Having recently purchased (as an Amazon download) the six-disc album "Original Hits -- '60s" (my second-biggest single download purchase so far, after the Pink Floyd "Discovery" box set; this one album has a running time of nearly six hours), I've found that it includes a lovely song, "Please Don't Go" by Donald Peers.

I wanted to know who the composer was, so I went into File Info (Alt+3 in Winamp) to bring up the ID3 information.  However, the composer is listed as Jackie Rae, which I know is at best only partially correct; he may have written the lyrics, and even arranged the tune a bit, but the melody is something classical.  So, does anyone here know who the real composer was?

(Also included is "A Lover's Concerto" by the Toys, and its file info has a similar error; the composer is listed as Denny Randell, but the tune is actually by an unknown Baroque composer, and is one of those collected by J. S. Bach in the Anna Magdelana Notebook.  It isn't even a concerto; it's a minuet.)


----------



## PhilT (Jan 19, 2012)

Talking of Donald Peers, I like the song 'Give Me One More Chance' that he sang.


----------



## David H (Jan 19, 2012)

According to this it was John Rae and Authur Reed ??
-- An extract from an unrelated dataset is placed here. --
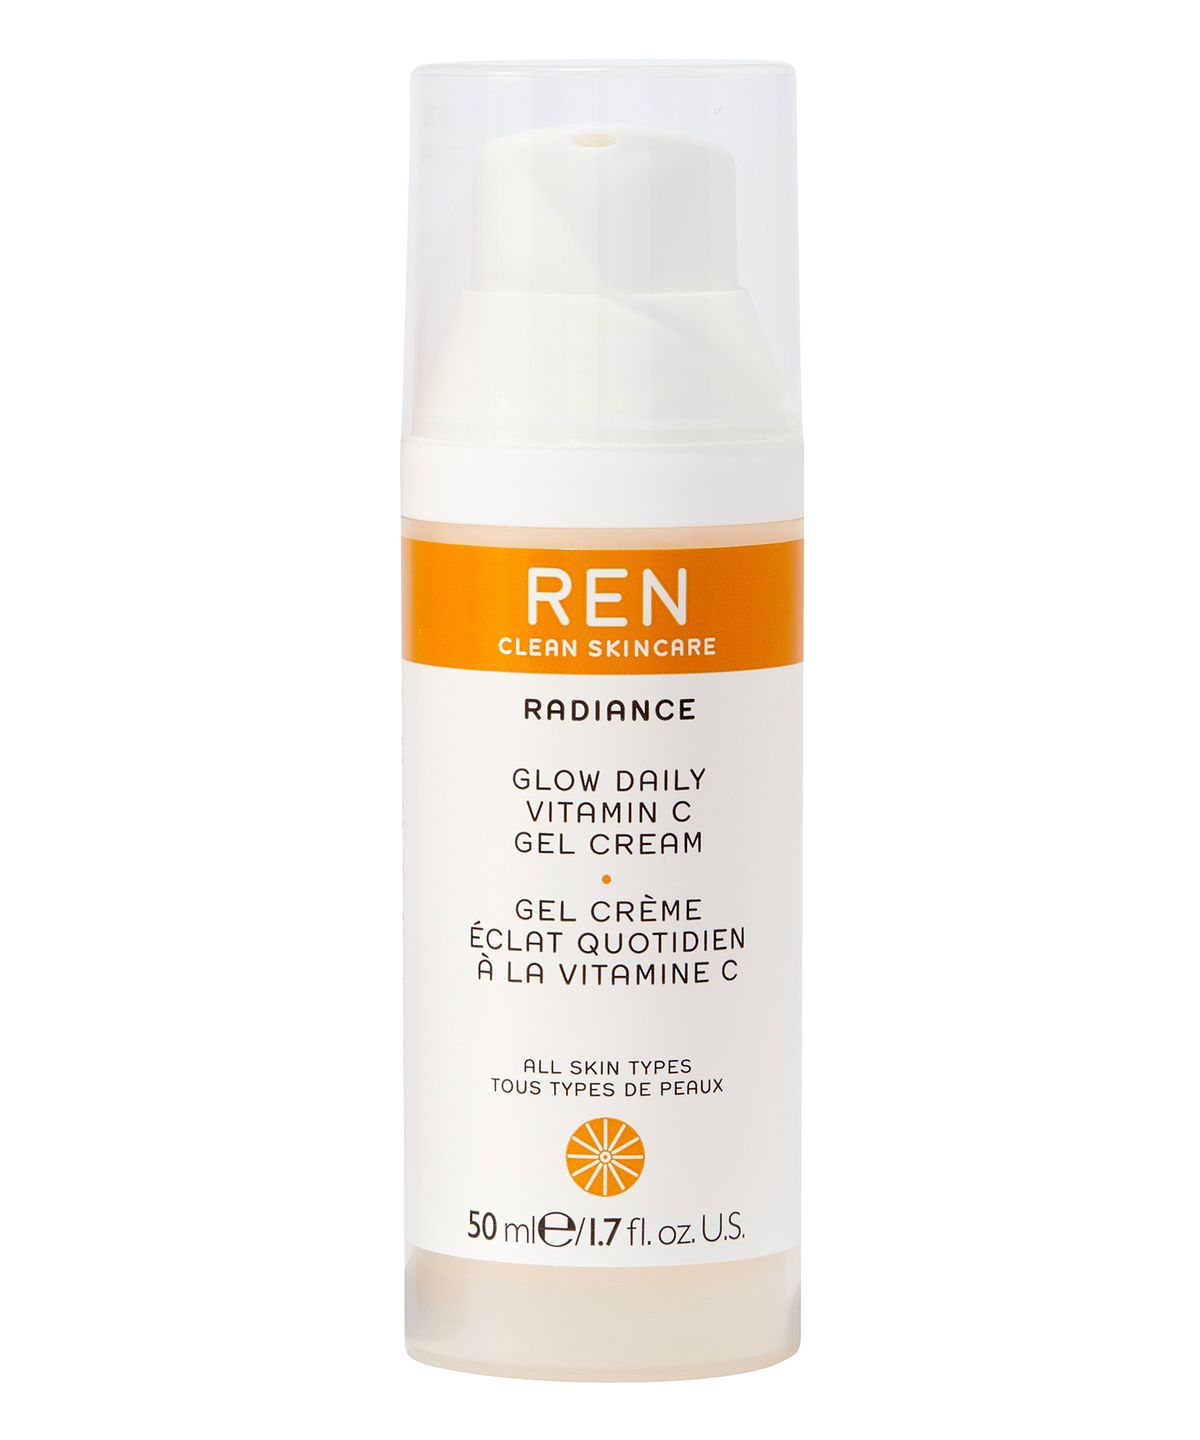 Ren Clean Skincare Glow Daily Vitamin C Gel Cream Muse Beauty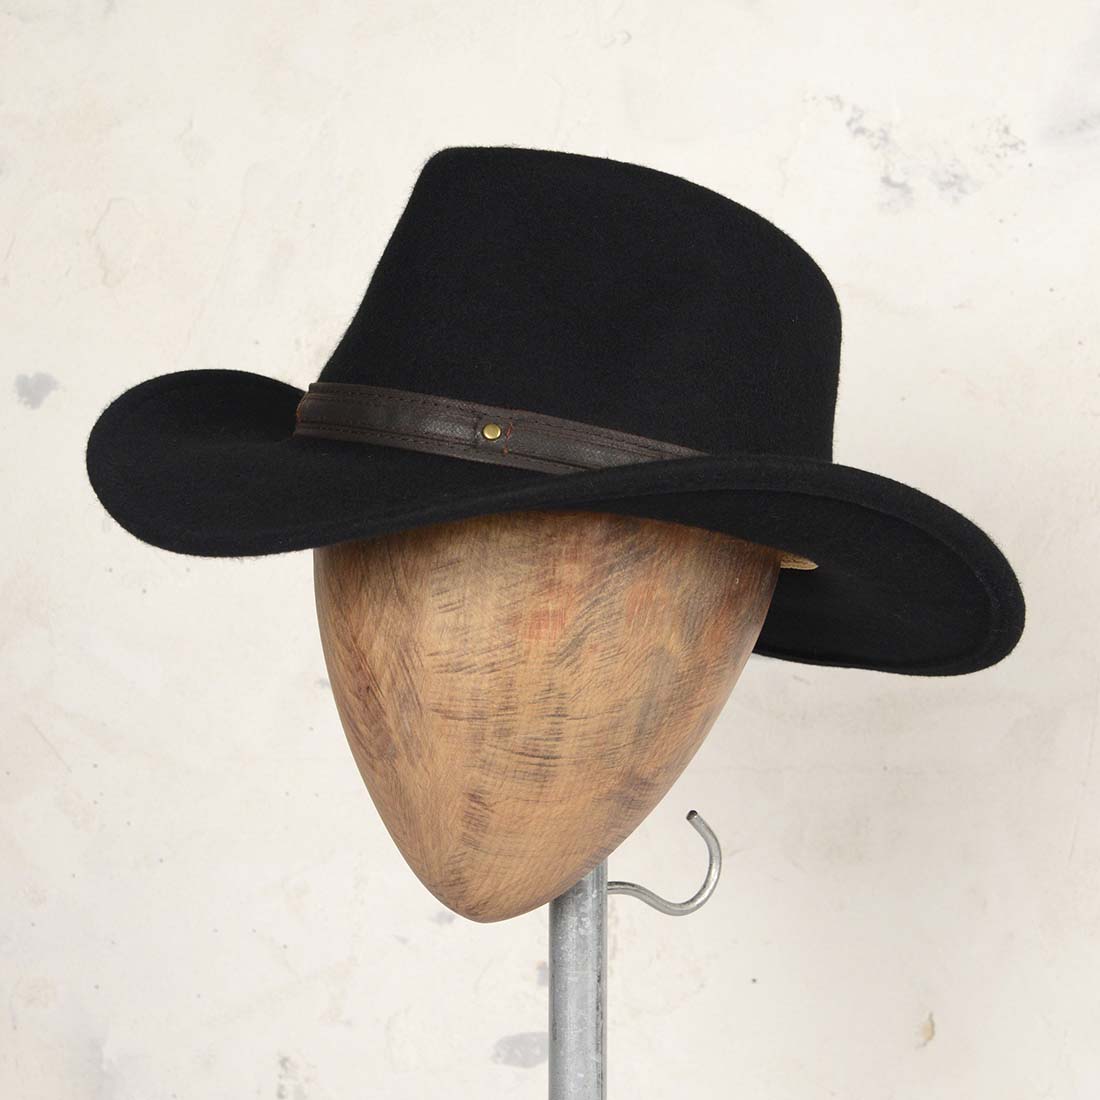 Scalia Black Wool Felt Outback Hat - Cracker Barrel

*http://music-releases.com/release/2103939/Please Don't Go*

___________________________

*And this says:*

He had a Top 10 chart entry in 1968 with "Please Don't Go", written by comedian Jackie Rae and Les Reed. 
In 1972 Peers returned to the stage after overcoming a severe back injury sustained in Australia, and had his last chart entry with the aptly titled "Give Me One More Chance". 

*http://www.music.us/biography/artist/25122/donald_peers.html*


----------



## mcdonagh47 (Jan 19, 2012)

the melody was taken from the Tales of Hoffman, an opera by Offenbach.


----------



## ukjohn (Jan 19, 2012)

Reading this thread and the mention of Donald Peers brings back emotional and pleasant memories of my mum. When I was a teanager in the late 50s/early 60s, every Sunday Donald peers had a radio show, and I always sat with my mum to listen to the show, my mum was one of his biggest fans, although now in my 70s it brought back to me how much I still miss my mum.

Sorry to sound all soppy on your thread Robert..

John


----------



## mcdonagh47 (Jan 19, 2012)

mcdonagh47 said:


> the melody was taken from the Tales of Hoffman, an opera by Offenbach.



Its here on youtube ...a duet called the Barcarolle ....

http://www.youtube.com/watch?v=sQR0LQskL4E&feature=fvsr


----------



## ukjohn (Jan 19, 2012)

Thanks for that link McDonagh47. I've only ever heard the popular musical version of that tune, but I must admit that vocal version was fantastic, the girls voices complimented each other.

John.


----------